Again, apologies for the blogging hiatus. I’ve been busy! Not only have I been reading through a backlog of Godey’s Lady’s Books, I’ve been crunning around like crazy getting ready to move to a new home in lovely Salem, MA.

When I tell people about our impending move, reactions fall into two camps. In the first camp are people who say something supportive (I am pretty sure) through nearly unintelligible Boston accents (hi father-in-law, Doug!). In the second camp is everyone else, who say something supportive in standard American English and then unfailingly mention witches or Halloween.

It’s no surprise that people, especially those who aren’t from the area, associate Salem with spookiness. The city has gone in hard on the hags. Take, for example, the witch on the Salem city police badge, or the fact that Mike roots against his high school rivals the
Salem Witches every year in the big Beverly/Salem Thanksgiving day football game.

But Halloween is when Salem really goes for it. More than 400,000 tourists visit this city of 42,500 residents every October. You name it, Halloween in Salem has got it. Annual Psychic Fair and Witchcraft Expo? Check. Little Pumpkin Duathlon, whatever that is? Yes. A “night of magic, music, and powerful rituals” at The Official Annual Salem Witches’ Halloween Ball? Sure.

A 1908 newspaper article out of Washington, DC, suggests that Salem has been up to this shtick for quite some time.
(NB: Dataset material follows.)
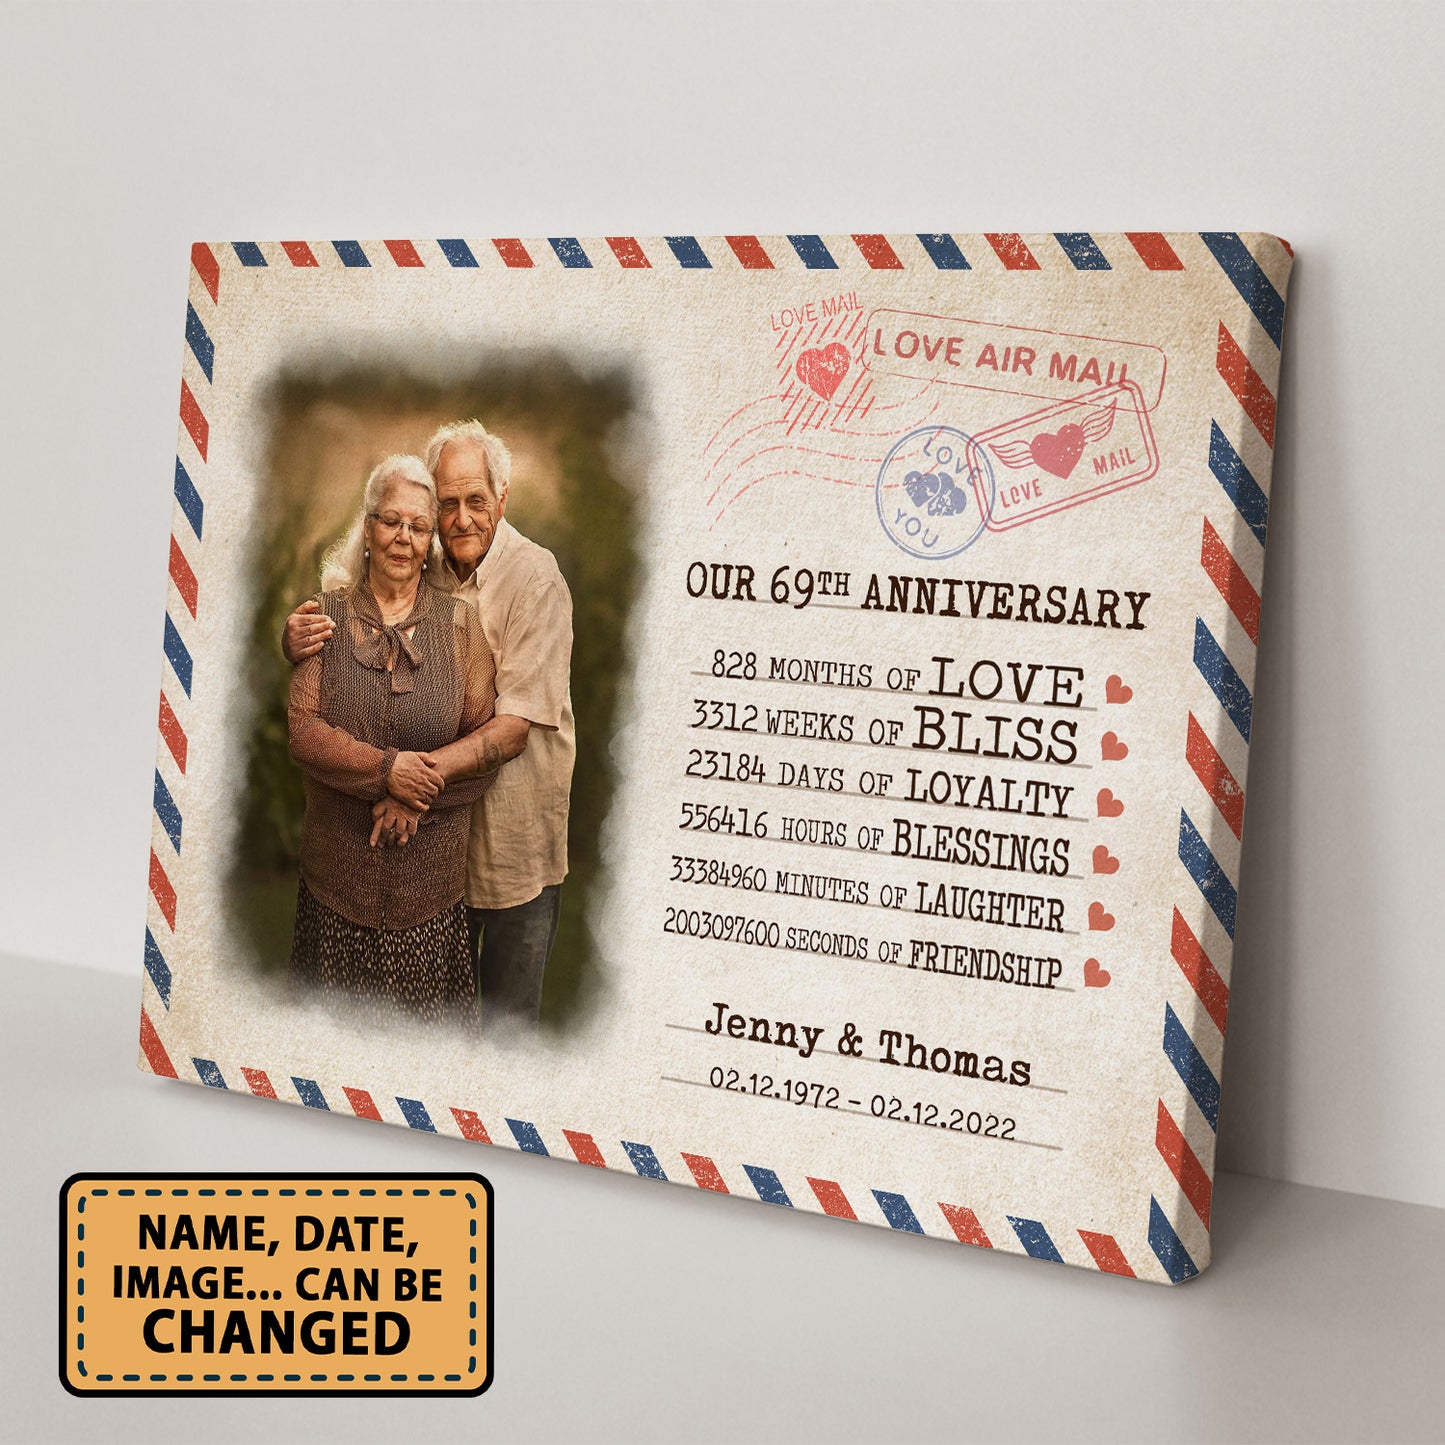 Our 69th Anniversary Letter Valentine Gift Personalized Canvas

It describes Salem going nuts with the holiday spirit- the streets full of “peanut stands, cow bells, tin horns, and all other imaginable instruments of bedlam” and throngs of “Bostonians, Harvard students, and would-be bohemians,” jostling along “slowly but good-naturedly, blowing horns in our ears” as they join in the one celebration in the country “parallel to New York City’s Election Night festivities.” As crazy as the NY State comptroller election?! No wonder the crowd was “charged with suppressed excitement” for…wait for it…the big Fourth of July bonfire.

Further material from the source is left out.